INFORMATION PROVIDED:
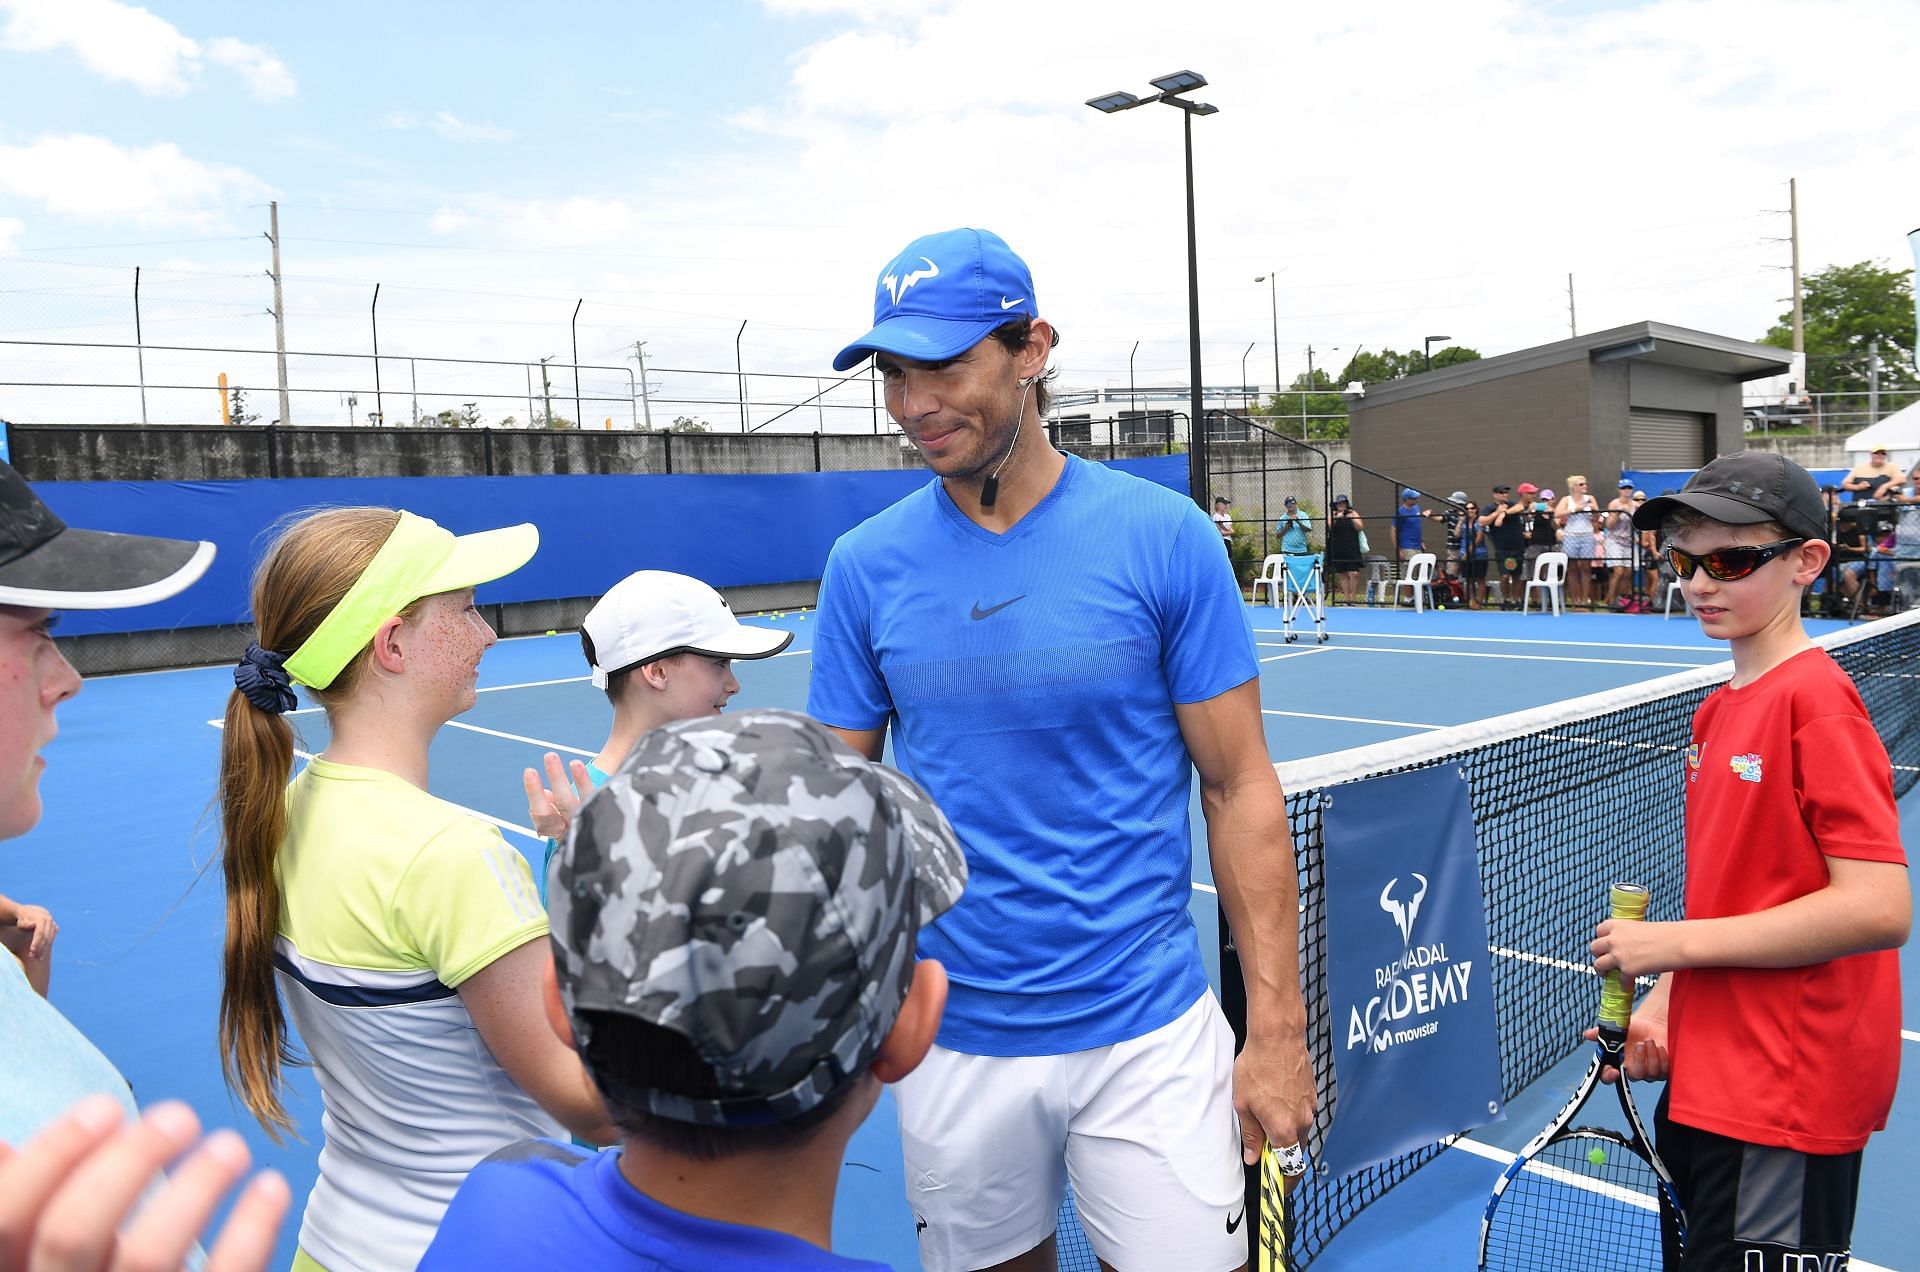 Rafael Nadal interacting with youngsters selected for the Academy in Brisbane, 2019
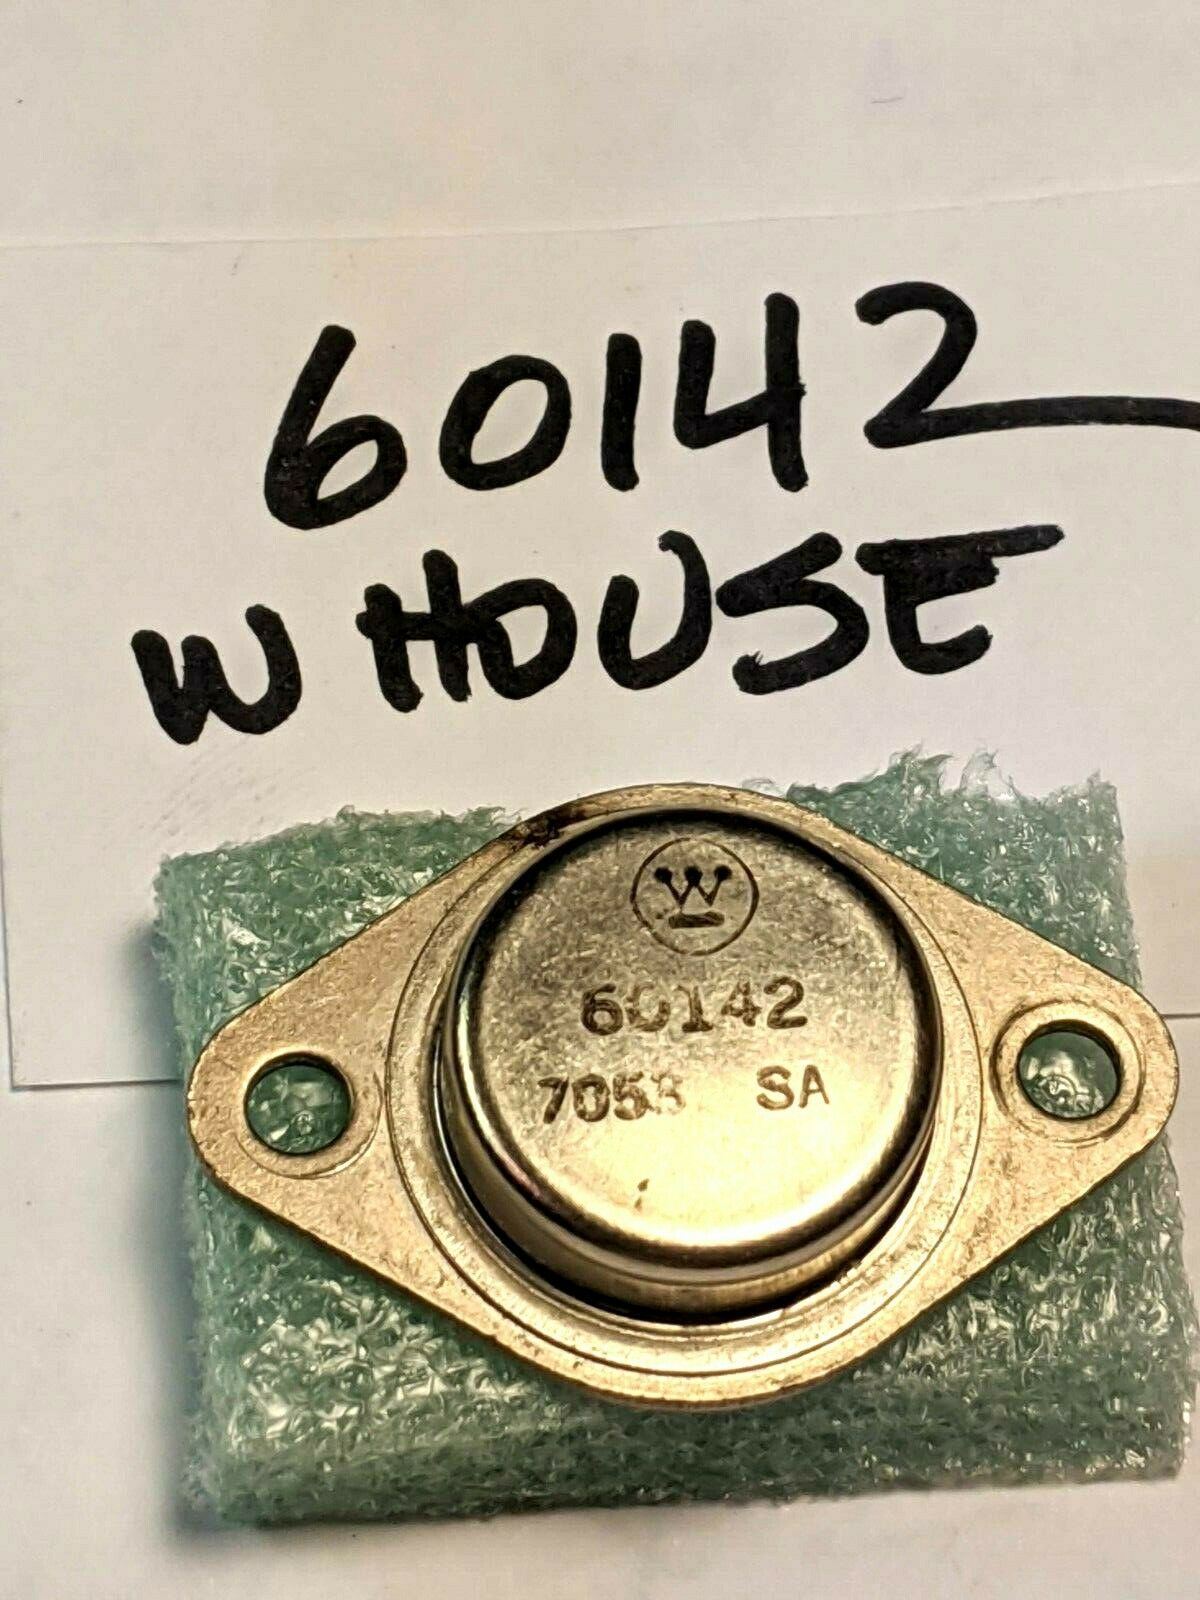 Westinghouse 60142 Transistor, Pullout
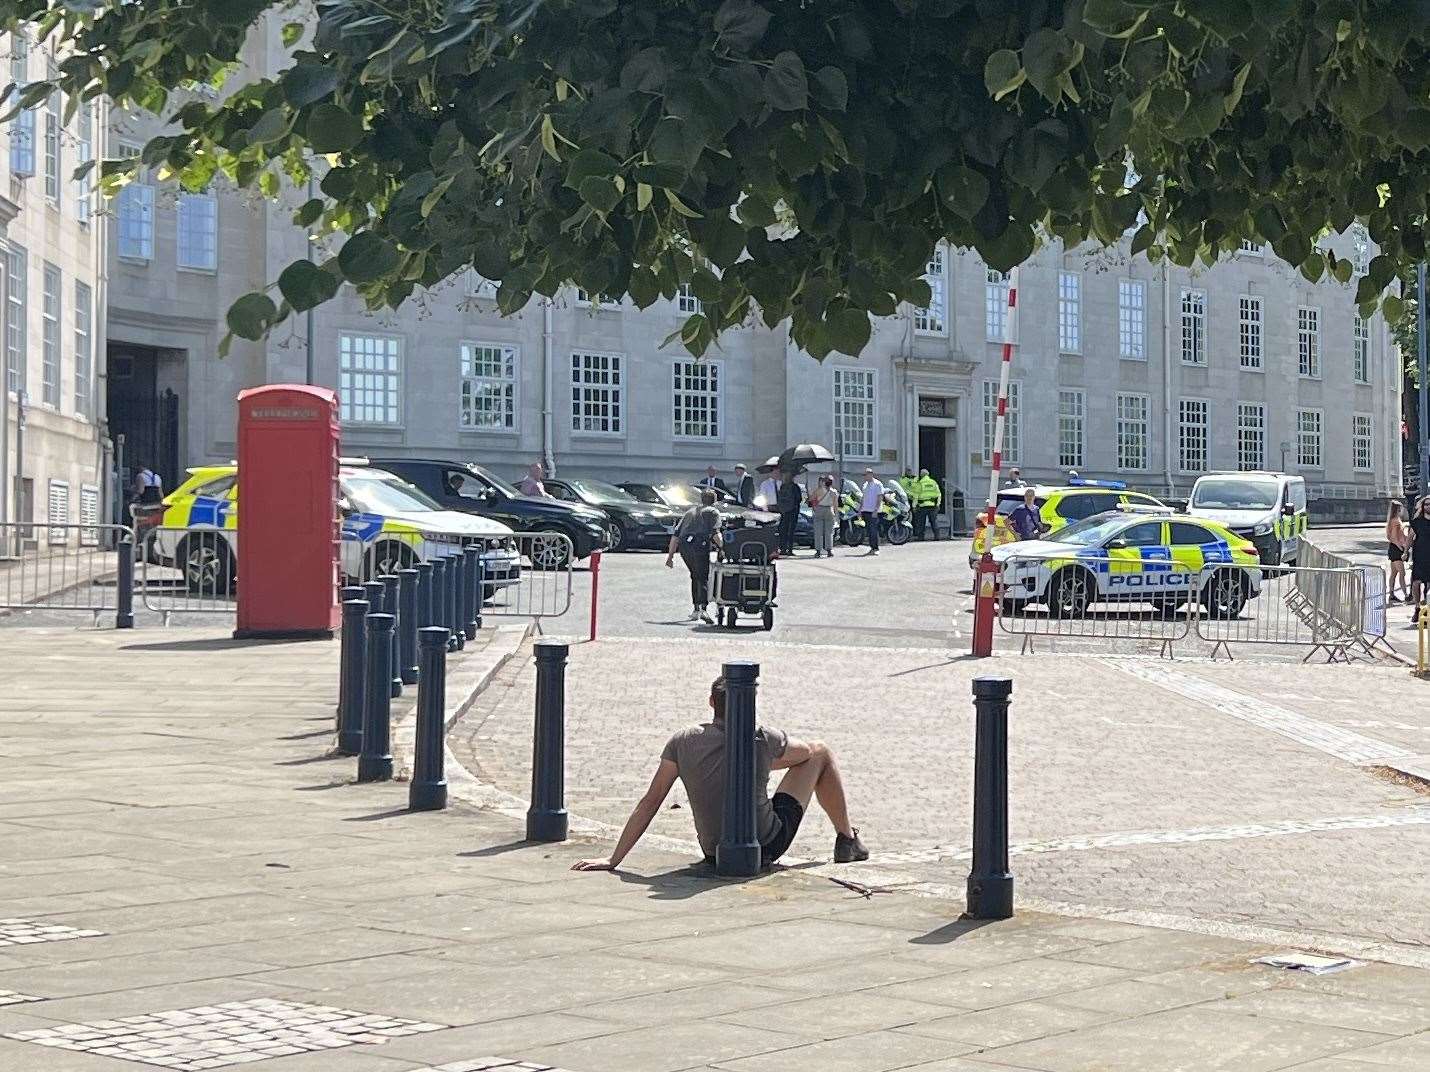 Film crews and prop police cars are in Maidstone for a new Netflix drama

ACTIVITY:
Restate every line above word for word. Do not carry over the images.

RESULT:
 Rafael Nadal interacting with youngsters selected for the Academy in Brisbane, 2019
 Westinghouse 60142 Transistor, Pullout
 Film crews and prop police cars are in Maidstone for a new Netflix drama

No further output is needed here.